Equal Pay Day is March 14 this year, showing how far into the next year women in the United States have to work to earn what men did in the previous calendar year, according to the Institute for Women’s Policy Research.

Though the pay gap is narrowing, it's happening slowly. The institute estimates that it will take decades for women workers to reach pay equity with men. In 2021, full-time, year-round female employees were estimated to need 38 years, to 2059, and all women were estimated to need 33 years, to 2054, according to the institute.

Advice on advocating for equal pay: An Ohio State professor fought for equal pay and won. Here's how

In 2023, women make 84 cents for every dollar a white, non-Hispanic man made, according to Equal Pay Today. That's a penny more than last year.

We broke down what you need to know this Equal Pay Day, including how women's pay stacks up to their male counterparts in Columbus and the nation.

What is Equal Pay Day and how did it start?

Equal Pay Day was originated by the National Committee on Pay Equity in 1996, according to the U.S. Census Bureau.

It was started to raise awareness about the gap between men's and women's wages, and was originally called National Pay Inequity Awareness Day.
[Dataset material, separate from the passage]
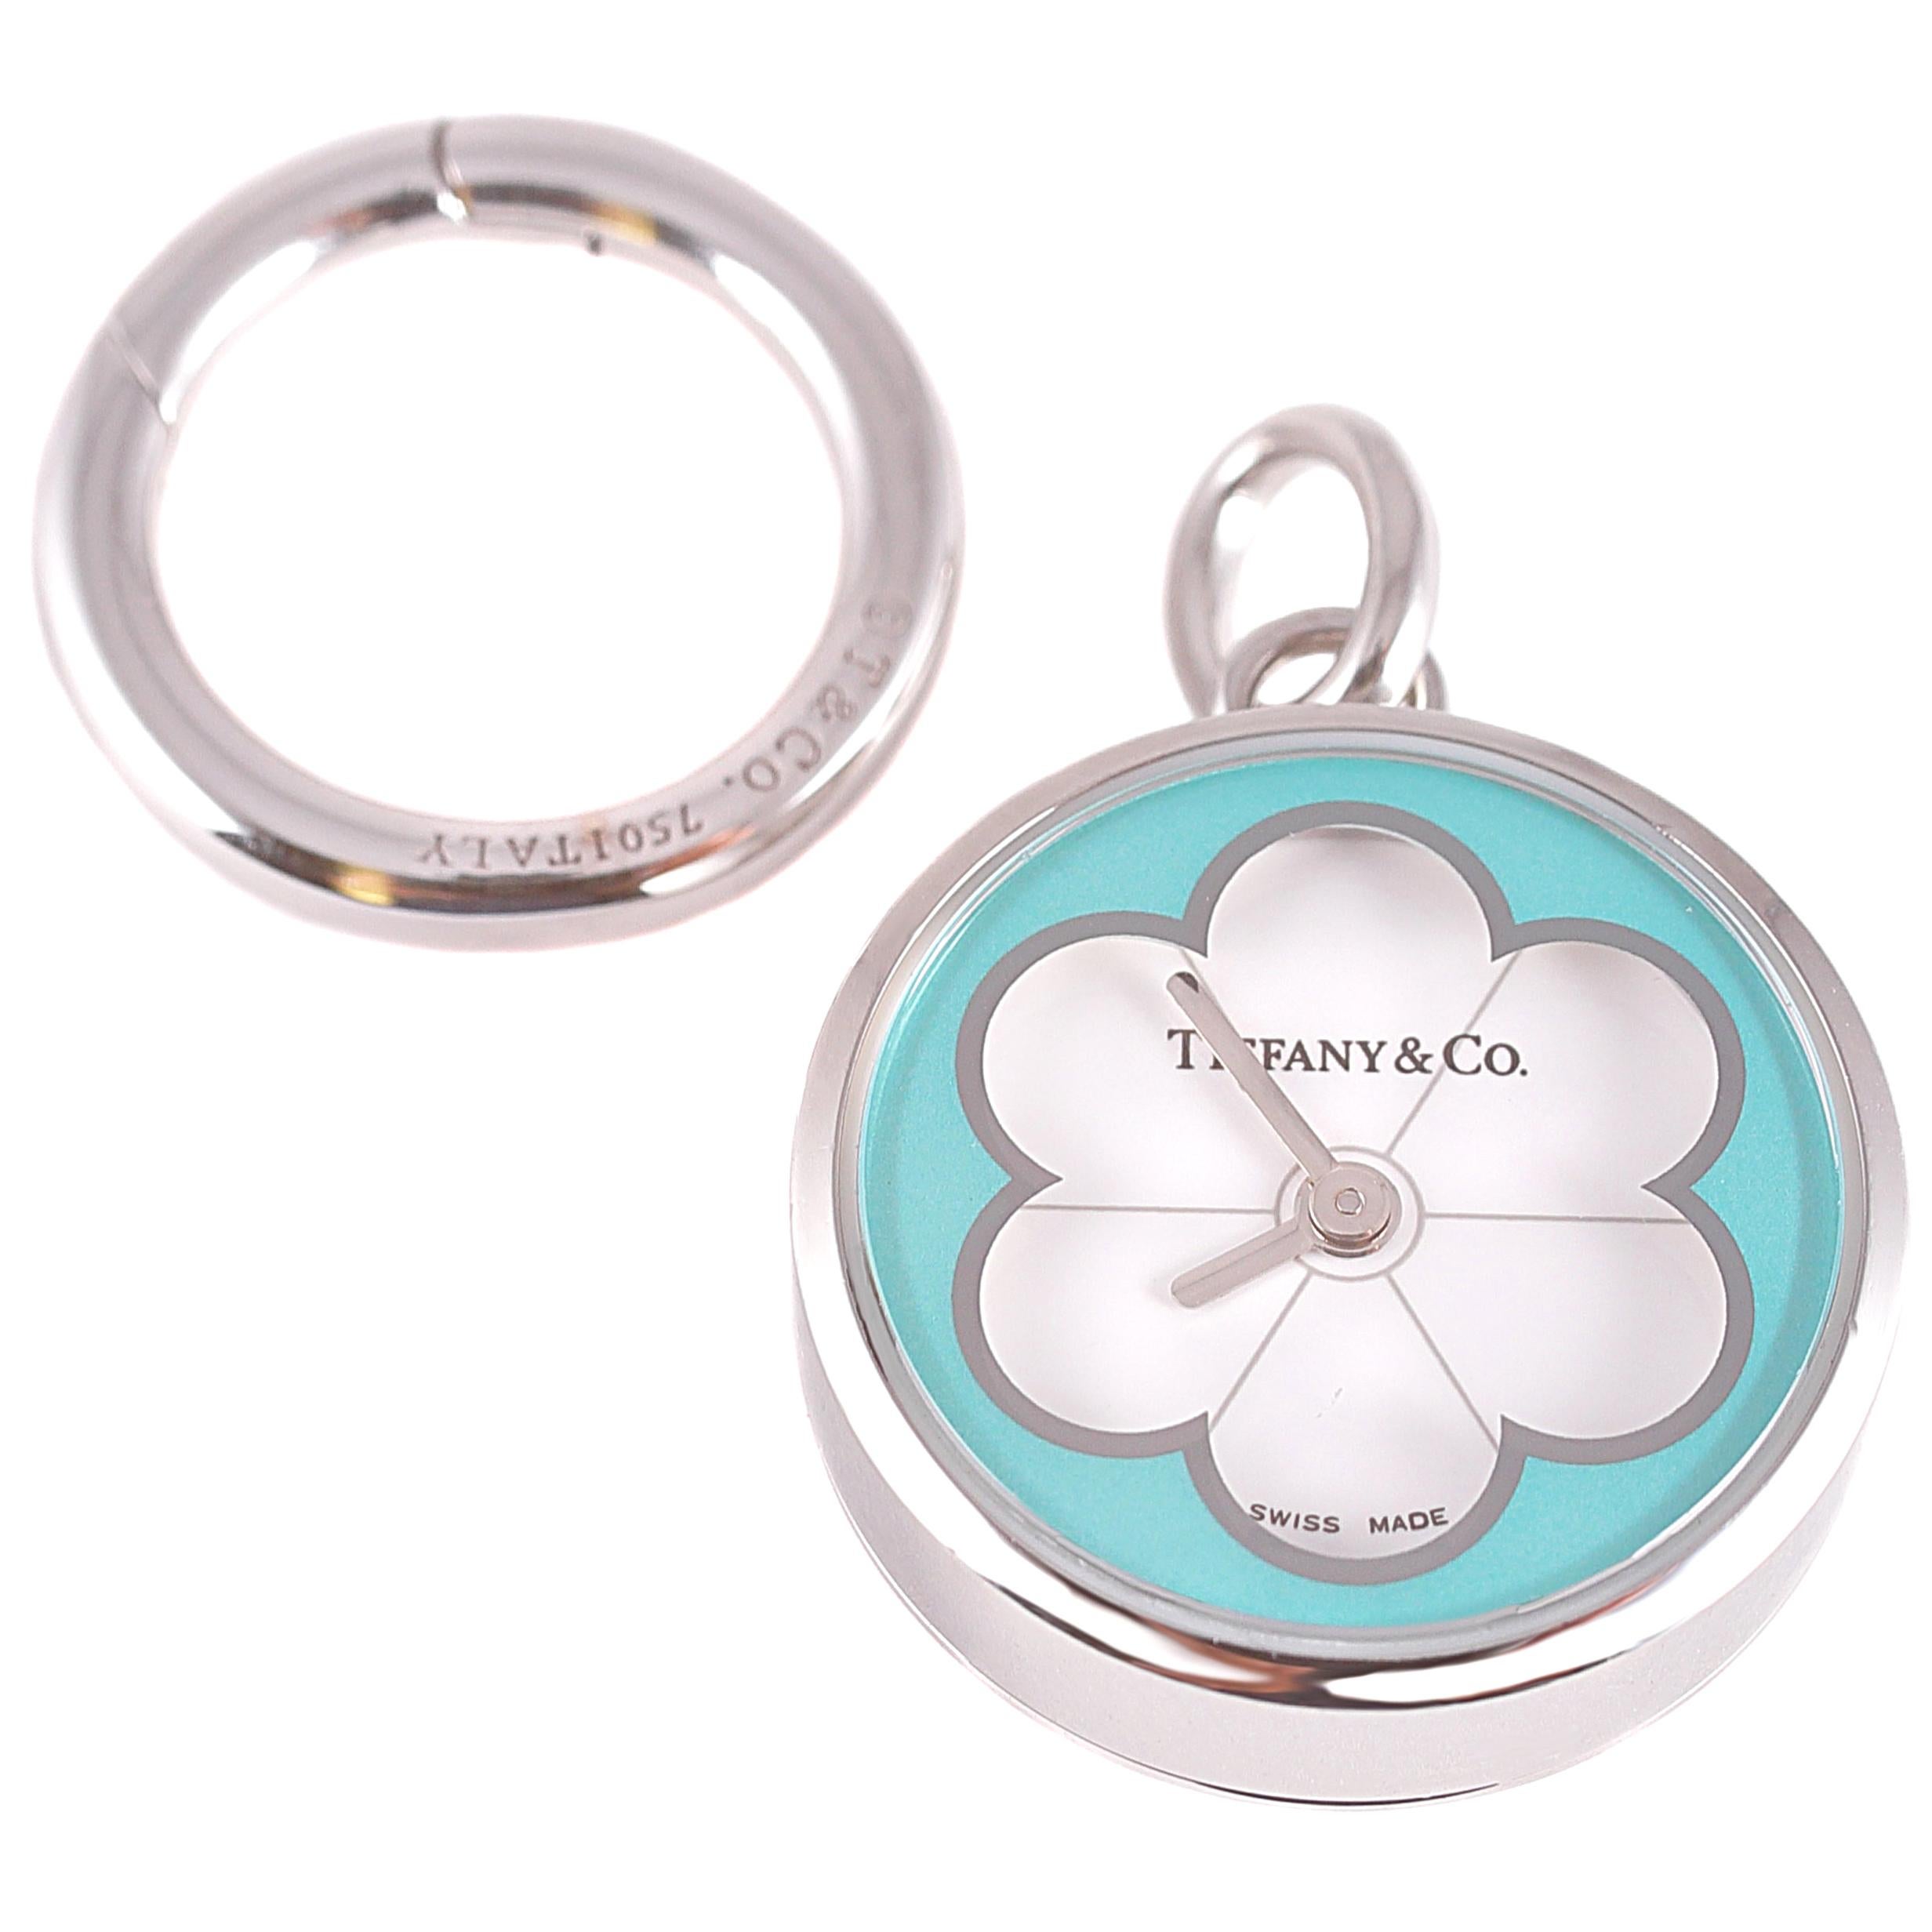 Tiffany & Co. "Blossom" Flower Watch Charm

In 1998, the name was changed to Equal Pay Day.

Gender pay gap in the United States
Infogram

Women working full time earned 83% of men’s median weekly earnings in 2022, according to the Institute for Women's Policy Research, which is why they have to work almost three more months into the next year to make the same amount of money.

There are other days during the year to mark further gaps in pay for Black women (July 27); Latina women (Oct. 5) ; mothers (Aug. 15) ; LGBTQIA women (June 15) ; native women (Nov. 30) ; and Asian American, Native Hawaiian and Pacific Islander women (April 5) , according to Equal Pay Today.

How does Greater Columbus measure up?

In Columbus, women are paid 16% less than men, earning 84 cents for every dollar a man makes, according to Kirsten Estose, Columbus City Council's legislative analyst.

Black women earn 64 cents and Latina women earn 46 cents for every dollar a man makes, Estose said.

The average woman loses out on more than $400,000 over a 40-year career, and Black and Latina women lose out on close to $1 million, Estose said.

February 2023: Columbus City Council introduces legislation to create better pay equity among employers

Columbus city council: Passes 'pay equity' bill on March 13, 2023

Median annual salary for 2021 in Columbus for full-time, year-round civilians employees 16 years old and over was $51,734 for men and $48,884 for women, according to U.S. Census Bureau data as provided by the Columbus Women's Commission.

For all civilian workers, it was $41,163 for men and $34,303 for women, according to that data.

Women were also more likely to have income below the poverty level than men within the Columbus metro area, said Bill LaFayette, a central Ohio economist who used Census data to find the numbers.

Of the 9.2% of people living below the federal poverty line, 41% were men and 59% were women, Lafayette said.

Is pay different for women of color?

Pay discrepancies also differ by race, experts say and data confirm.

Black women need to work seven extra months into the new year to match what white, non-Hispanic men made the previous year, according to Equal Pay Today. Last year, it was nine months into the year.

From 2022: Why is Black Women’s Equal Pay Day a month later this year?

Black women get paid 67 cents for every dollar white men are paid, according to Equal Pay Today, and last year that number was 58 cents. Black Women's Equal Pay Day is July 27 this year.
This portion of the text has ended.